Мать проглотила это молча.
– Между прочим, бедняжка Азиза сегодня задержалась, чтобы догладить твои рубашки. – Она распахнула шкаф и продемонстрировала отцу две стопки аккуратно сложенных сорочек.
– Плевать я хотел на рубашки! – крикнул он.
Он схватил рубашку, осмотрел, словно пытаясь отыскать складку, ничего не обнаружил, поднес рубашку к носу – и нашел, что искал.
– Вот что я тебе скажу: чтобы эта Азиза больше мне на глаза не попадалась, – вспылил отец. – Я не желаю слышать у себя в доме ее хриплое кваканье, не хочу, чтобы она рылась в моих вещах, и уж совершенно точно не собираюсь дышать ее вонью после того, как она закончит уборку. На, понюхай, – и он швырнул рубашку маме в лицо, чтобы она сама почувствовала запах.
– Ее же стирали сегодня утром, – возразила мама.

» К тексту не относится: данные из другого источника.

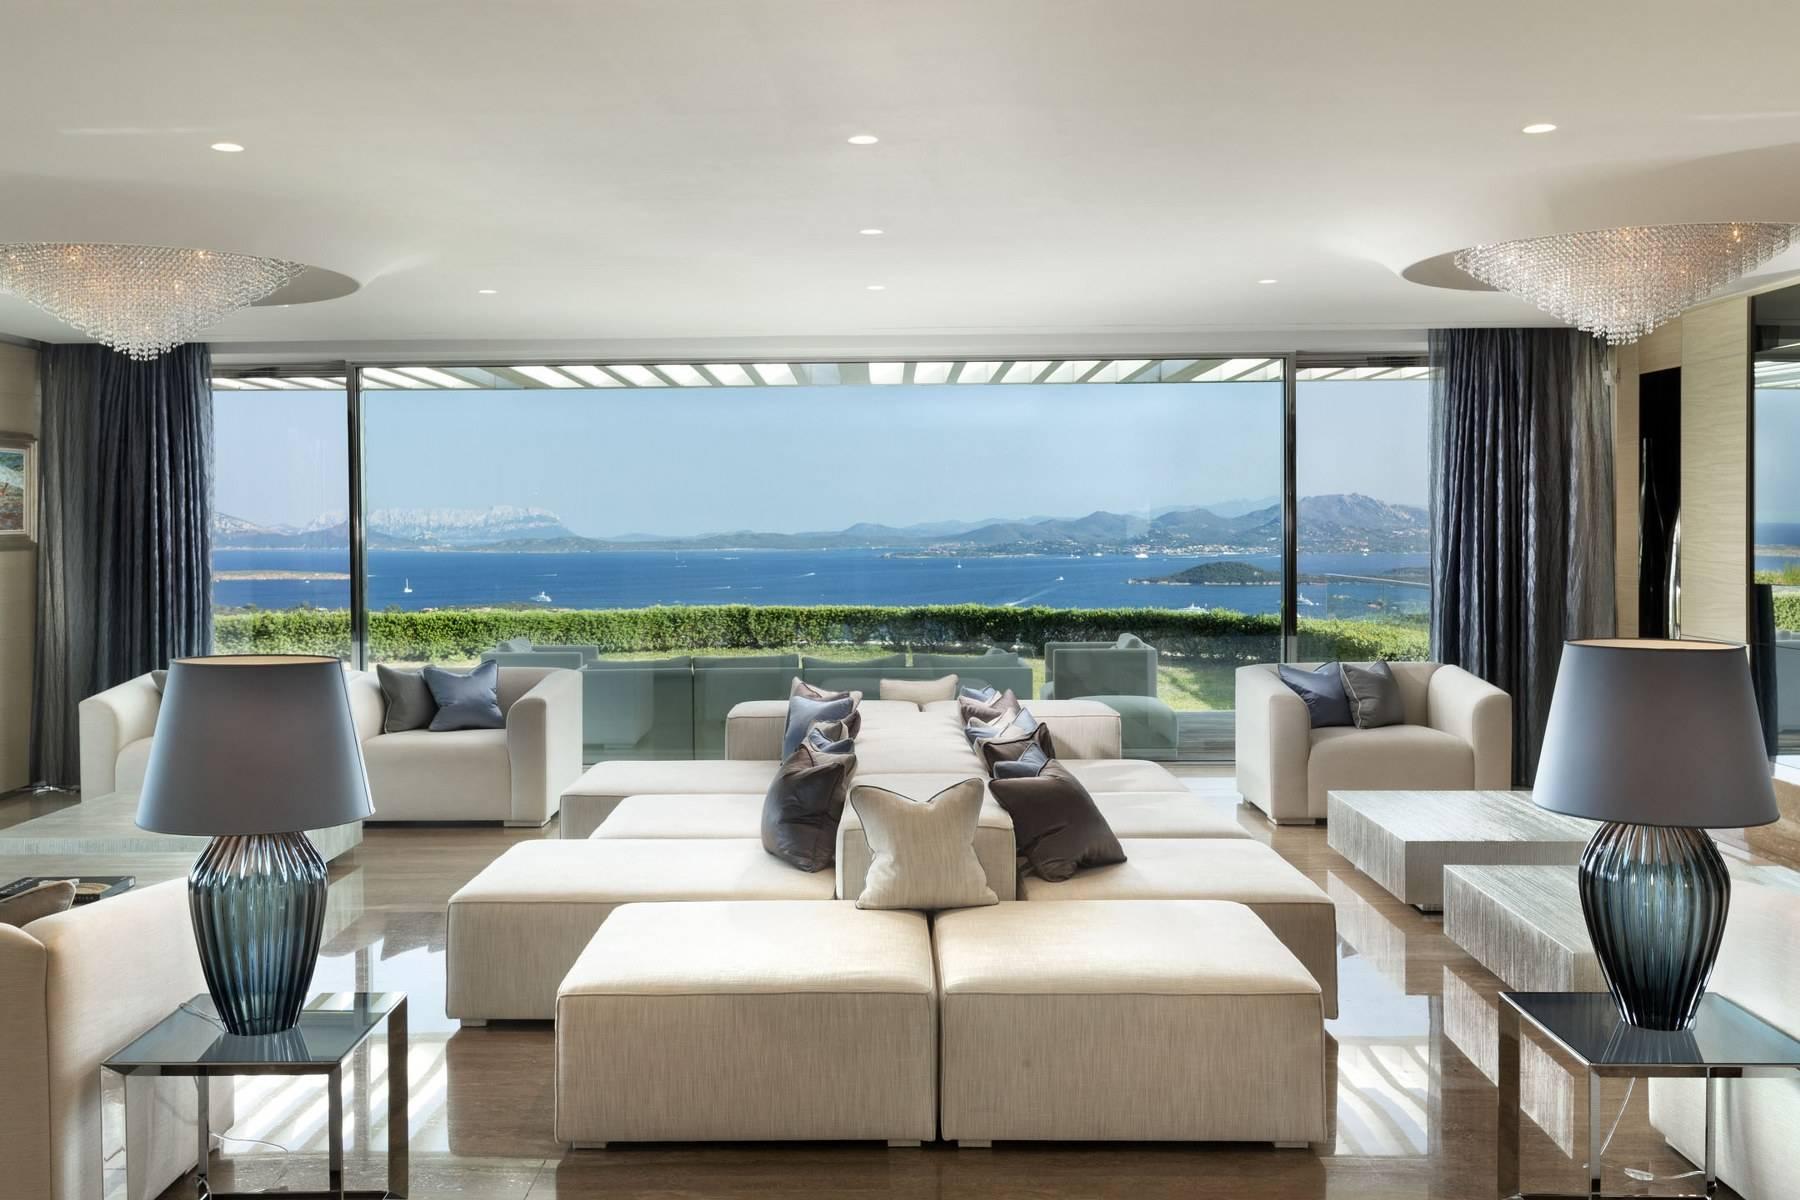 Prestigious and elegant villa located in the heart of the Costa Smeralda - 2
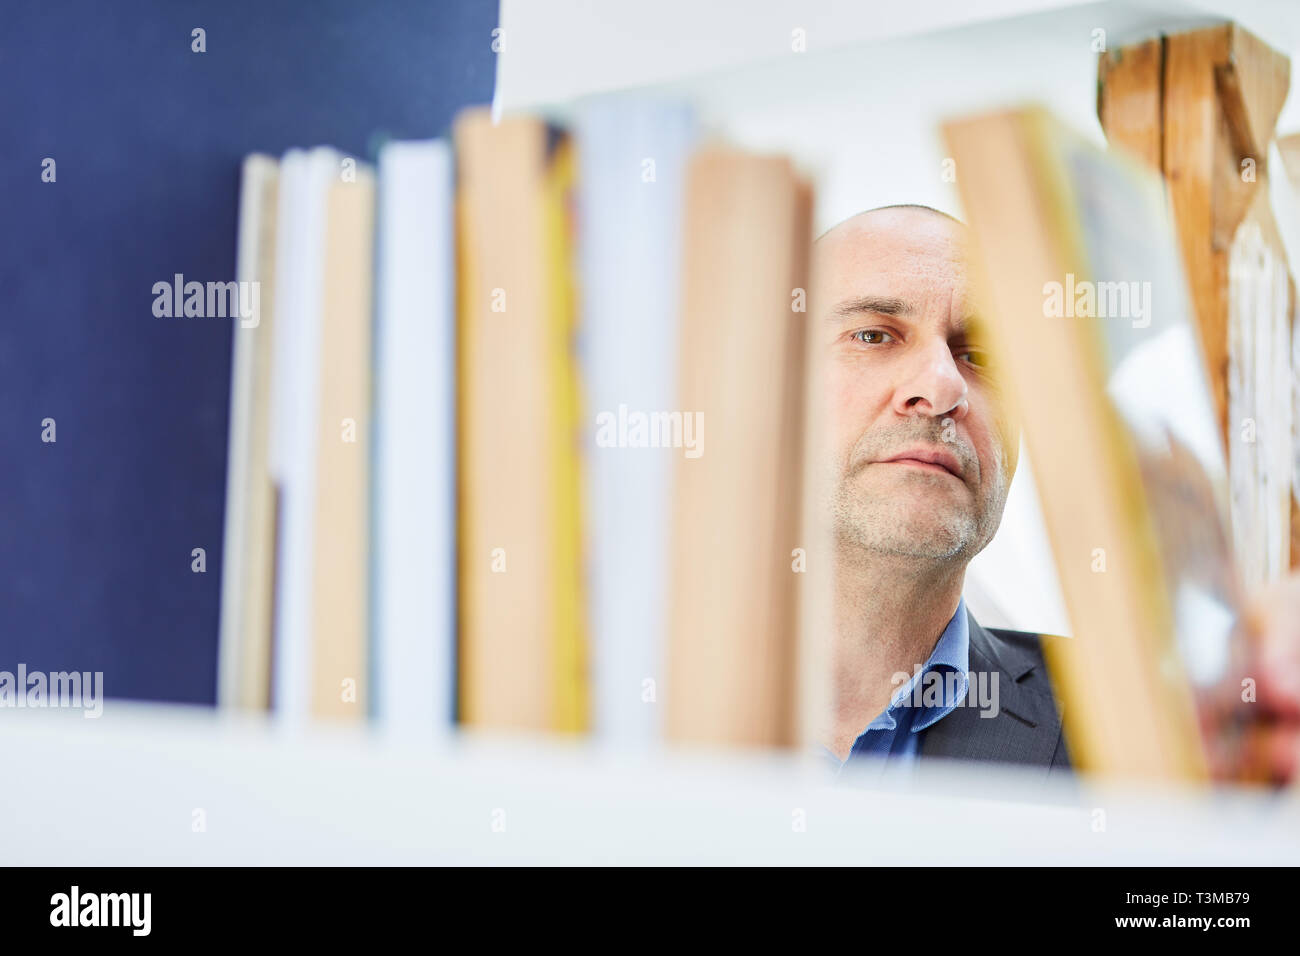 L'uomo come lettore o ordinamento bibliotecario libri o cercando un libro sullo scaffale Foto Stock

– Понюхай еще раз! От нее несет хильбой![39] Хильбой! Хильбой! – орал отец, одну за другой хватал с полки рубашки, нюхал и швырял на пол. – Прогони ее к черту!
* * *
В одном отец был прав: за Азизой всегда тянулся едкий запах хильбы, рыжеватой специи, которую египтяне поглощают в огромных количествах из-за якобы целебных свойств и от которой ладони краснеют, а тела, по мнению европейцев, источают нестерпимую вонь. Отец называл это une odeur d’arabe, арабским душком, и терпеть не мог, когда от его рубашек, простынь и блюд несло хильбой.
По этому характерному крепкому аромату можно было сразу же отличить египтян европеизированных, пользовавшихся пахучим лосьоном после бритья, от тех, кто подражал западным обычаям, однако же по складу ума, обиходу и образу жизни погряз в мирке хильбы. Даже если египтянин смотрел истым европейцем, предал забвению родные традиции и стал тем, чт мои бабушки с дедушками называли volu[40] – каждый день носил костюм, умел вести себя за столом, при встрече всегда целовал mazmazelles ручки, разбирался в вине и сыре, знал наизусть достаточное количество басен Лафонтена, – учуяв исходивший от его одежды характерный душок, каждый усомнился бы в его склонности ко всему западному и заподозрил бы, что не все его домашние (и в том числе он сам) сумели отринуть темную, зловещую изнанку арабской гигиены.
Была и другая причина, по которой отец питал инстинктивное отвращение к хильбе. Он, как и его мать, терпеть не мог «этнические» ароматы, полагая, что чем лучше семейство усвоило европейский уклад, тем меньше пахнет в доме, платяных шкафах и на кухне.
Ни той, ни другому и в голову не приходило: у каждого дома есть национальный запах, и любой уроженец Александрии с легкостью учуял бы, что мы сефарды, поскольку у нас пахнет пармезаном, вареными артишоками и буреками, как опознал бы армянскую кухню по неистребимому душку пастрами, греческую гостиную – по аромату мирры, а итальянцев – по ромашке и жареному луку. От итальянцев из рабочего класса тянуло жареным перцем, от греков – чесноком и бриолином, а когда им случалось вспотеть, подмышки их воняли кислым молоком.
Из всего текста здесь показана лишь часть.